Though the anniversary of “The ’59 Sound” is still looming, Fallon said The Gaslight Anthem’s coinciding celebratory mini-tour, which wrapped in August with a weekend run at the Stone Pony Summer Stage, closed that chapter of his musical career, while Friday evening at The Basie will be the first blank page in a brand new one.
“After all the dust has settled in my life, and as I’m getting older, I’m seeing that you go through phases, and this feels like the next phase for me. It’s something I’ve never really done before and I’m thrilled and afraid at the same time.”
“I feel like I can ground myself again,” Fallon said of the solo run. These shows are important for me. I’ve always said that when I play a show it’s 50/50. It’s half for me and half for the audience. But I feel like that might not be the case here. I hope everyone enjoys the performance, but I gotta to do these shows for myself, to feel comfortable again.”
Following a critically panned but commercially successful 2014 full-length effort, “Get Hurt,” composed of material inspired by the divorce of Fallon and his wife of 10-years, The Gaslight Anthem announced a hiatus in 2015, one that briefly ended earlier this summer.
In the wake of that break, Fallon cut a pair of well-received solo records – “Painkillers” (2015) and “Sleepwalkers” (2018) – on which he explored his roots as a Central Jersey songwriter brought up on a mix of Motown staples, classic-rock royalty and ‘90s grunge-punk.
It was during this stint Fallon said his solo path became clear.
“I came to a place in my life where there wasn’t another choice, because any other option won’t let you feel like yourself. It would be disingenuous,” Fallon said of an internal emotional struggle that led to the band’s separation, and his current individual endeavor.
“The only option is to follow this unknown path. And I have no idea if this is gonna work out, but that’s OK. Because that’s where you were when you first started.”
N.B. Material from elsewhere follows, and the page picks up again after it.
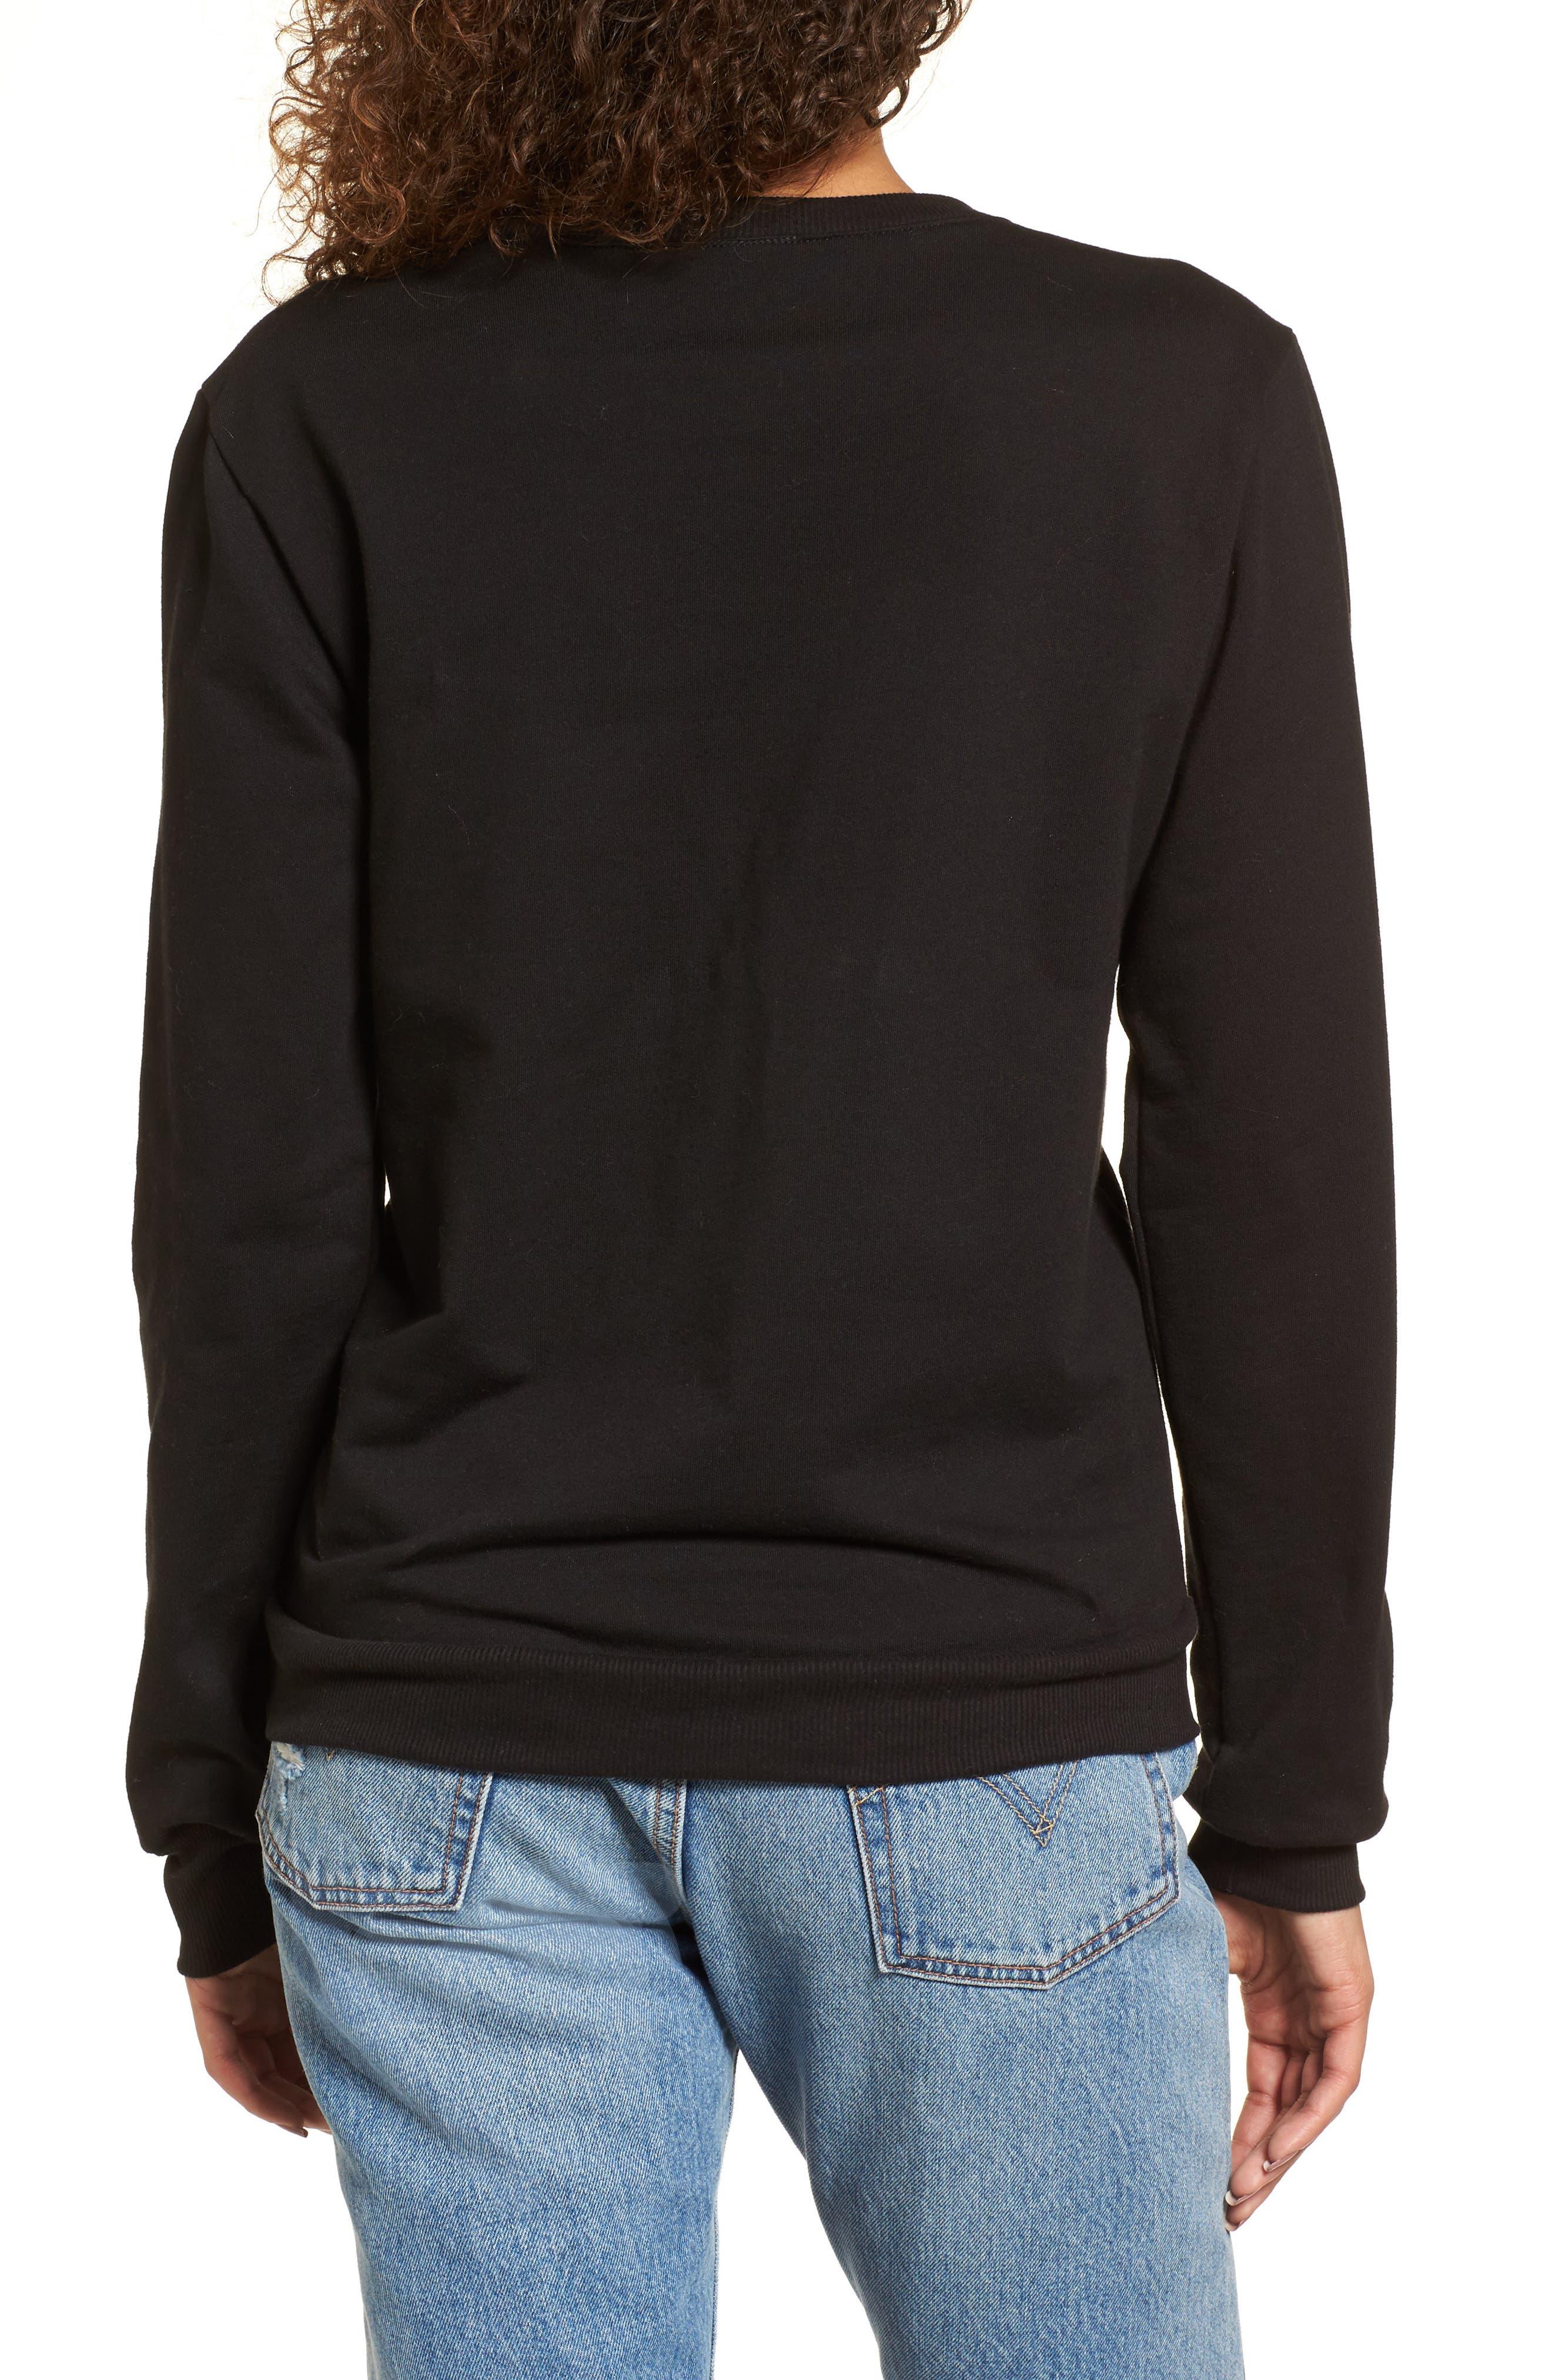 Run-DMC Sweatshirt,                             Alternate thumbnail 2, color,                             001

Fallon said he jumped in with both feet back in January, when he delivered a poorly kept secret solo performance at The Basie, a trial run of sorts, before returning to the scene on Friday.
He said he feels a special connection to the theater, a bond rooted in both musical and familial history.
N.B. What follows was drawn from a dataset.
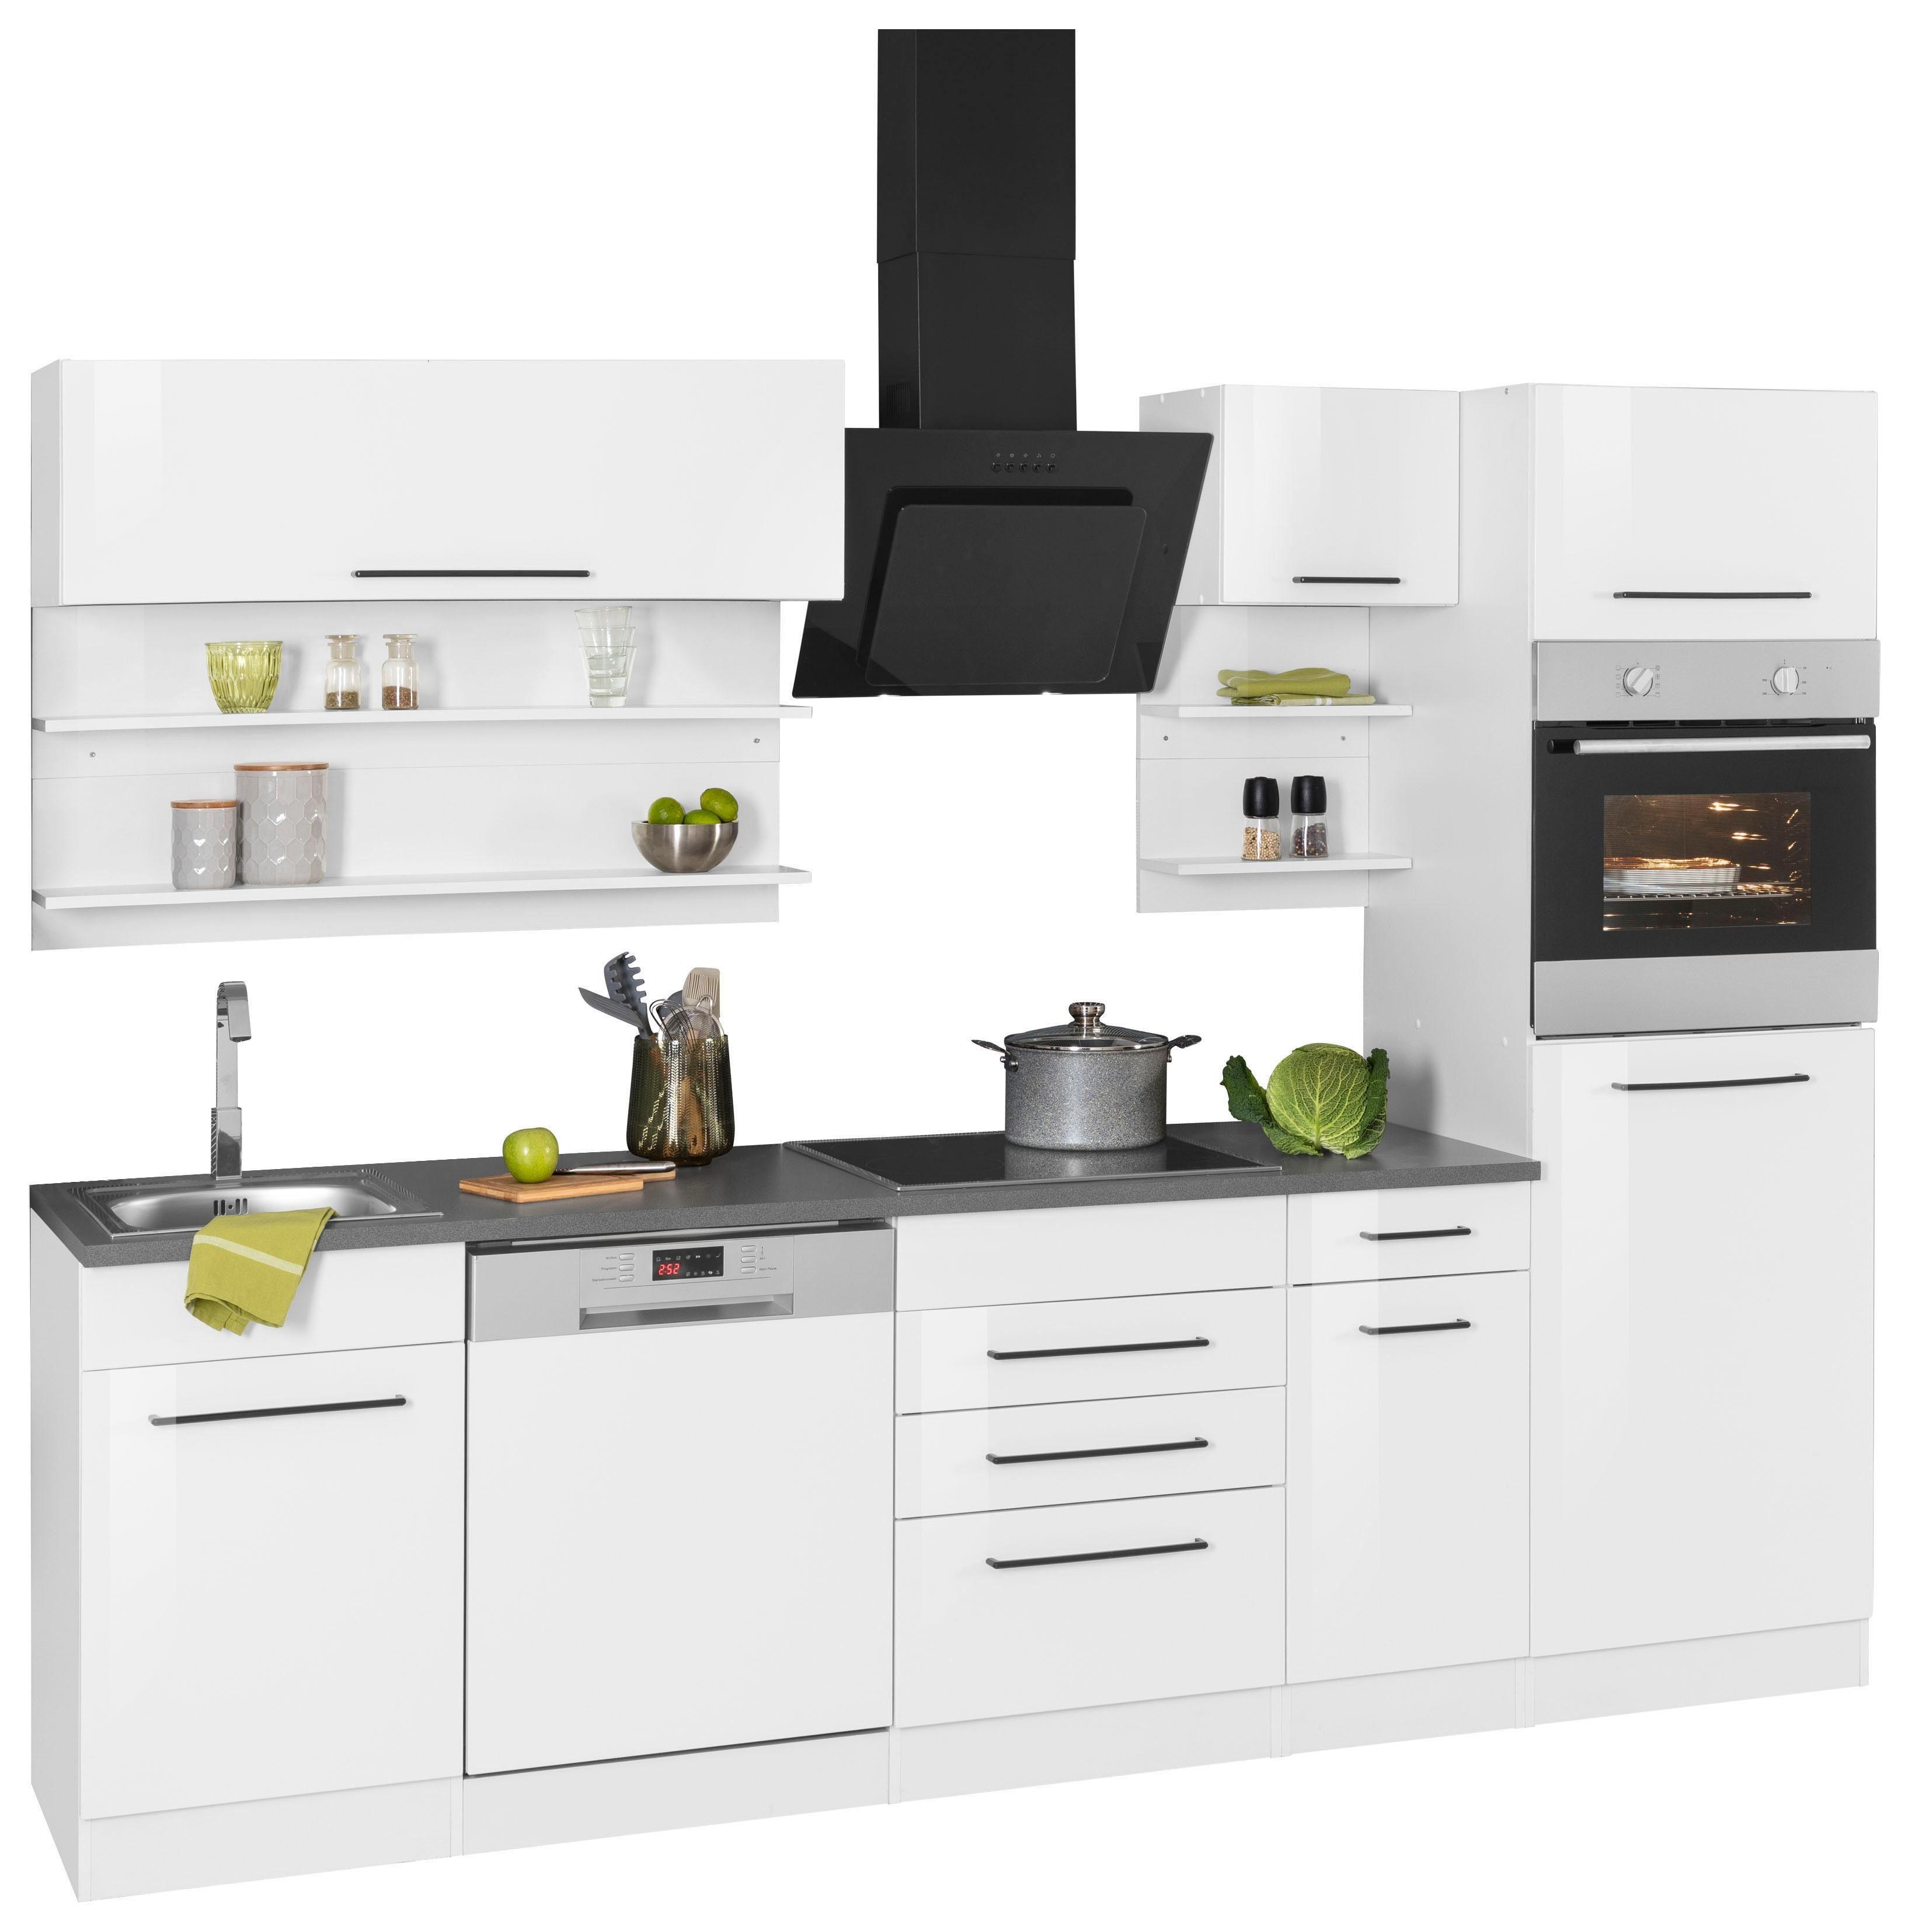 HELD MÖBEL Küchenzeile »Tulsa«, ohne E-Geräte, Breite 270 cm

“When I was a kid living in Red Bank, my grandmother would tell me stories about shows she saw there, big band stuff and of course Count Basie. It’s a place that’s been in my life forever, and somewhere I always wanted to play.”
Fallon also expanded on personal experiences he’s had at the venue, including a haunting showcase in November 2013, when the late Soundgarden founder Chris Cornell delivered a career-spanning performance in a similar solo setting, a display he said influenced him to make his own stand at The Basie.
“I’ve been a Soundgarden fan for a long time, and that was a different animal,” Fallon said. “To see him up there by himself doing all these songs I’ve known forever; for me it added another layer to his personality and capability as a songwriter.”
“That was a very special moment, and it made me realize that one day I wanted to do something like that. Just go up there and sit down with nothing to hide behind, and tell the stories of the songs and your life. You can share your soul with an audience, and without all the lights and sound it comes through much clearer.”
Limited tickets for the event are still available at thebasie.org or by visiting The Count Basie Center for the Arts box office at 99 Monmouth St.